But, if --out-type == DNS, with add'l config

cat addns.xml
<Adapter>
<DNS>
...
<Outbound>
<ProvideTransfer>
<Peer>
<Prefix>10.2.2.53</Prefix>
<Key>ods-key</Key>
</Peer>
</ProvideTransfer>
<Notify>
<Remote>
<Address>10.2.2.53</Address>
<Port>53</Port>
</Remote>
</Notify>
</Outbound>
</DNS>
</Adapter>

signing fails

tail -f opendnssec.log
...
Dec 26 16:32:26 dns ods-signerd: [notify] unable to send data over udp to 10.2.2.53: sendto() failed (Invalid argument)
Dec 26 16:32:26 dns ods-signerd: [notify] unable to send notify retry 1 for zone example.com to 10.2.2.53: notify_send_udp() failed

which leads to this bug report

"error logging for failed ods-signer remote NOTIFY reports only "sendto() failed (Invalid argument)", no additional detail"
https://issues.opendnssec.org/browse/SUPPORT-206

I think 1st order of biz is to fix the "Invalid argument" as in the bug, and find out what the sendto() error *is* ...

PGNet Dev

2016-12-27 01:21:20 UTC

Permalink

a bit more for completeness ...

initiating UDP traffic from the ods box's shell, a query to nsd4 listening at 10.2.2.53 -- specified in ods addns.xml as the notify target, (noting that recursion's not allowed -- just watching traffic),

dig google.com @10.2.2.53
; <<>> DiG 9.11.0-P1 <<>> google.com @10.2.2.53
;; global options: +cmd
;; Got answer:
;; ->>HEADER<<- opcode: QUERY, status: REFUSED, id: 399
;; flags: qr rd; QUERY: 1, ANSWER: 0, AUTHORITY: 0, ADDITIONAL: 1
;; WARNING: recursion requested but not available

;; OPT PSEUDOSECTION:
; EDNS: version: 0, flags:; udp: 4096
;; QUESTION SECTION:
;google.com.
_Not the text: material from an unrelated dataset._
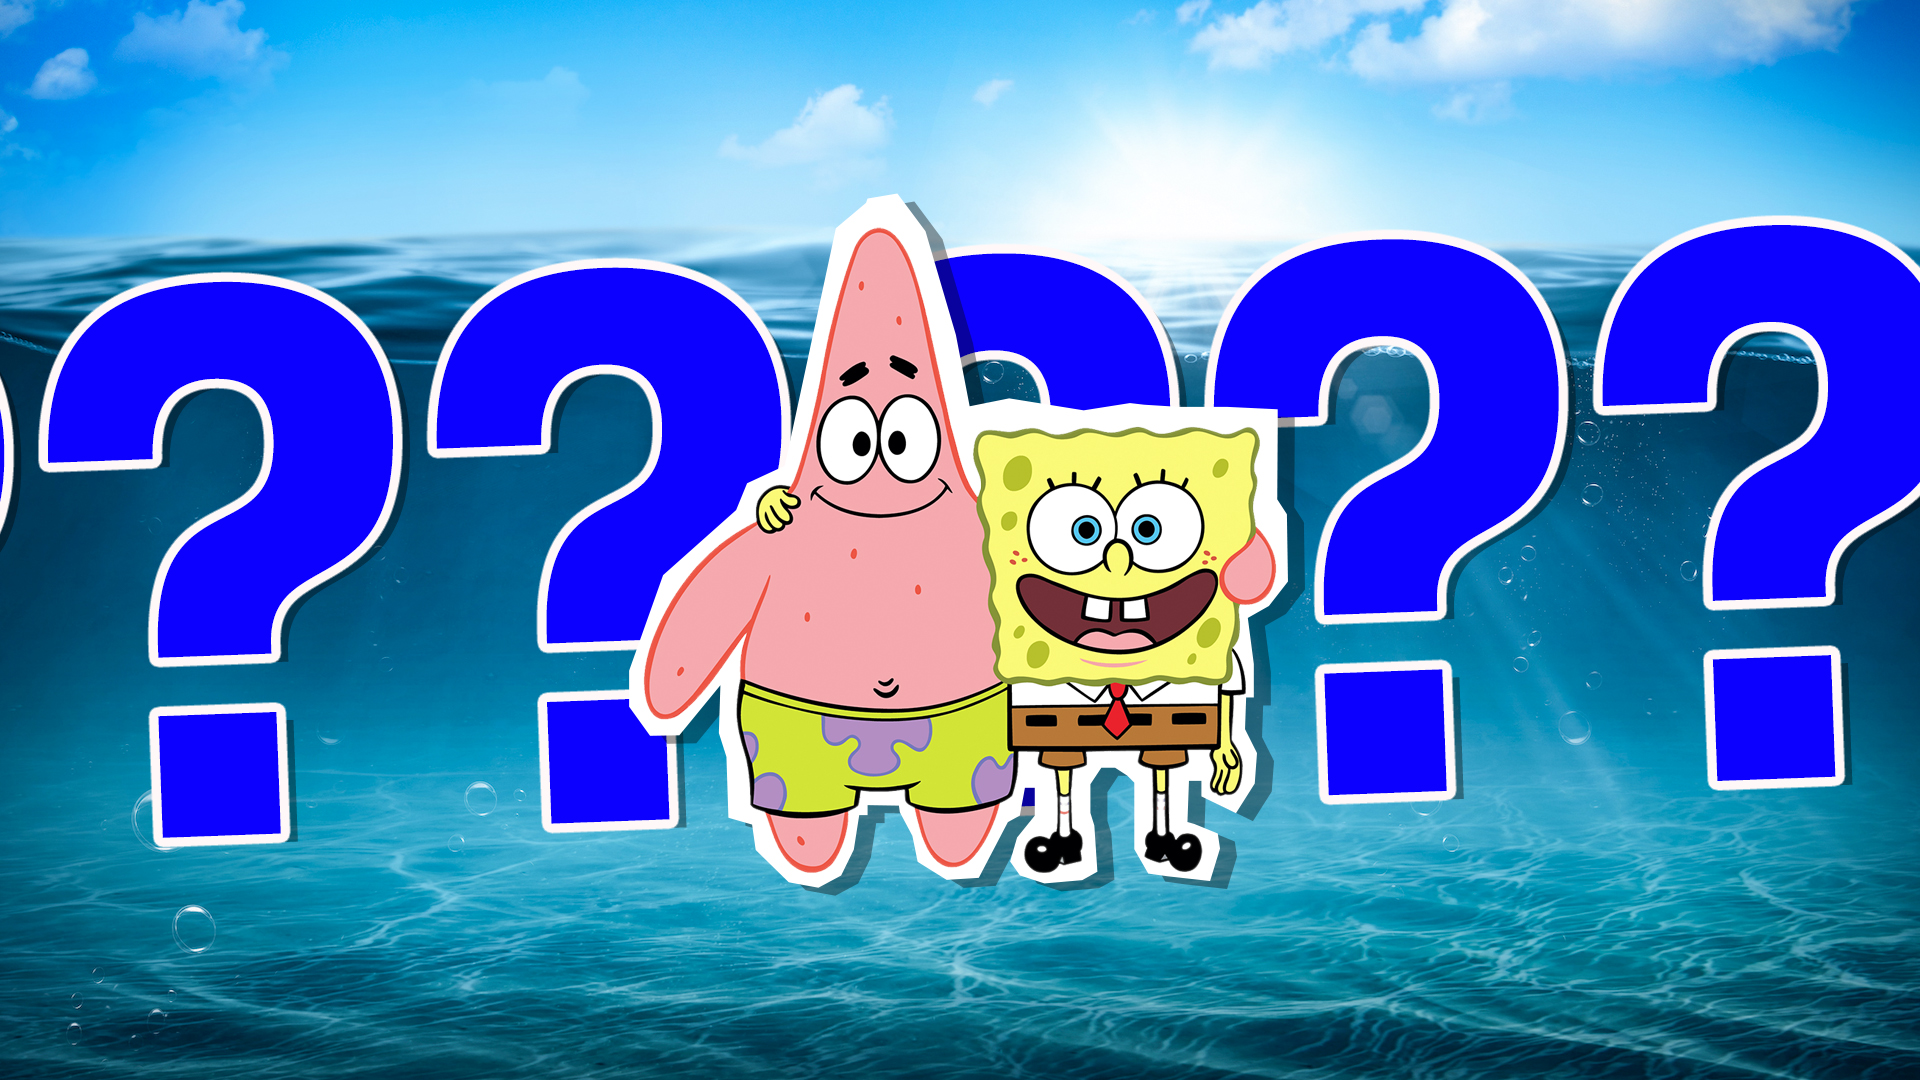 SpongeBob Squarepants and Patrick
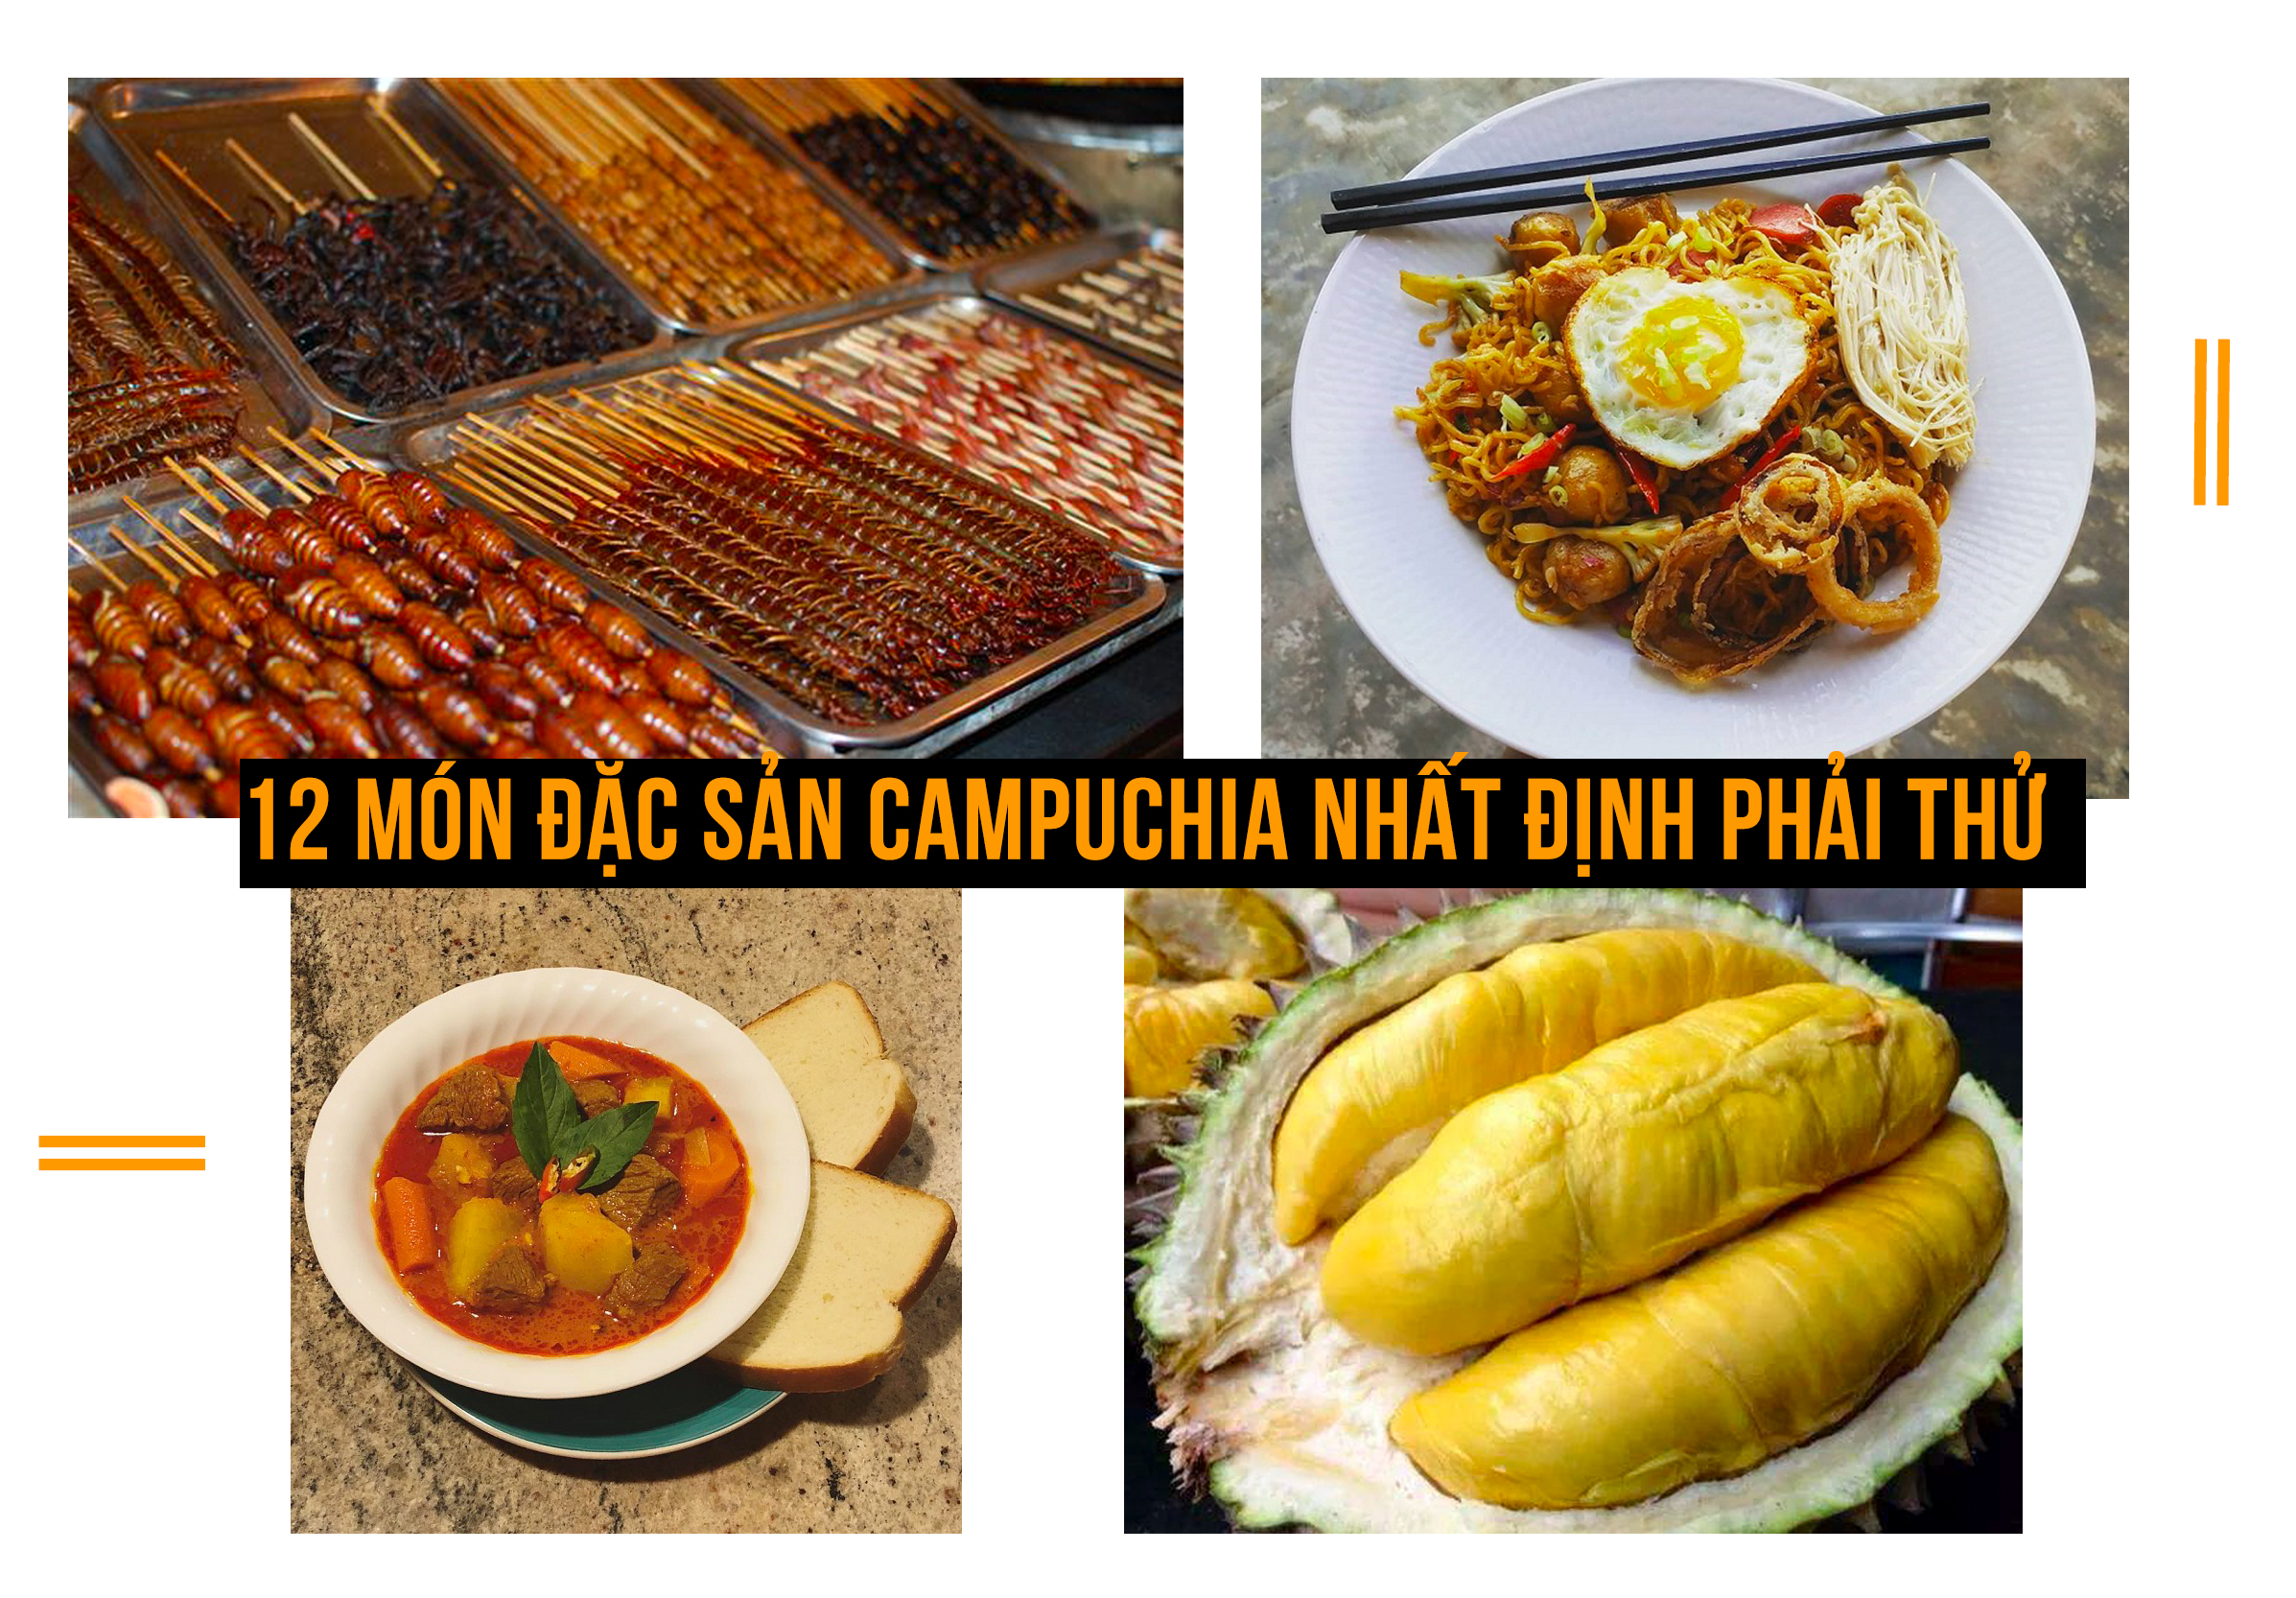 12 món đặc sản Campuchia lạ miệng - ngon mắt - nhất định phải thử

IN A

;; Query time: 43 msec
;; SERVER: 10.2.2.53#53(10.2.2.53)
;; WHEN: Mon Dec 26 17:10:23 PST 2016
;; MSG SIZE rcvd: 39

following with tcpdump

tcpdump -i tun1 udp port 53
tcpdump: verbose output suppressed, use -v or -vv for full protocol decode
listening on tun1, link-type RAW (Raw IP), capture size 262144 bytes
17:10:23.485198 IP dns.example.net.57886 > dnsext.example.net.domain: 399+ [1au] A? google.com. (51)
17:10:23.528369 IP dnsext.example.net.domain > dns.example.net.57886: 399 Refused- 0/0/1 (39)
^C
2 packets captured
2 packets received by filter
0 packets dropped by kernel

on exec of an ODS zone add

/usr/local/opendnssec/sbin/ods-enforcer zone add \
--zone example.com \
--policy lab \
--in-type DNS \
--input /usr/local/etc/opendnssec/addns.xml \
--out-type DNS \
--output /usr/local/etc/opendnssec/addns.xml
input is set to /usr/local/etc/opendnssec/addns.xml.
output is set to /usr/local/etc/opendnssec/addns.xml.
Zone example.com added successfully

tcpdump is silent

tcpdump -i tun1 udp port 53
tcpdump: verbose output suppressed, use -v or -vv for full protocol decode
listening on tun1, link-type RAW (Raw IP), capture size 262144 bytes
^C
0 packets captured
0 packets received by filter
0 packets dropped by kernel

Berry A.W. van Halderen

2016-12-27 09:36:08 UTC

Permalink

Dear PGDev (???), et al,

Let me respond first on a few items that already were partially
mentioned and then reply to the real issue. Also I do need to
mention I'm not absolutely certain on all items;

Network monitoring on the loopback device doesn't work that nice
for Linux. The kernel cuts short large parts of the network
stack to you might not see traffic from/to it.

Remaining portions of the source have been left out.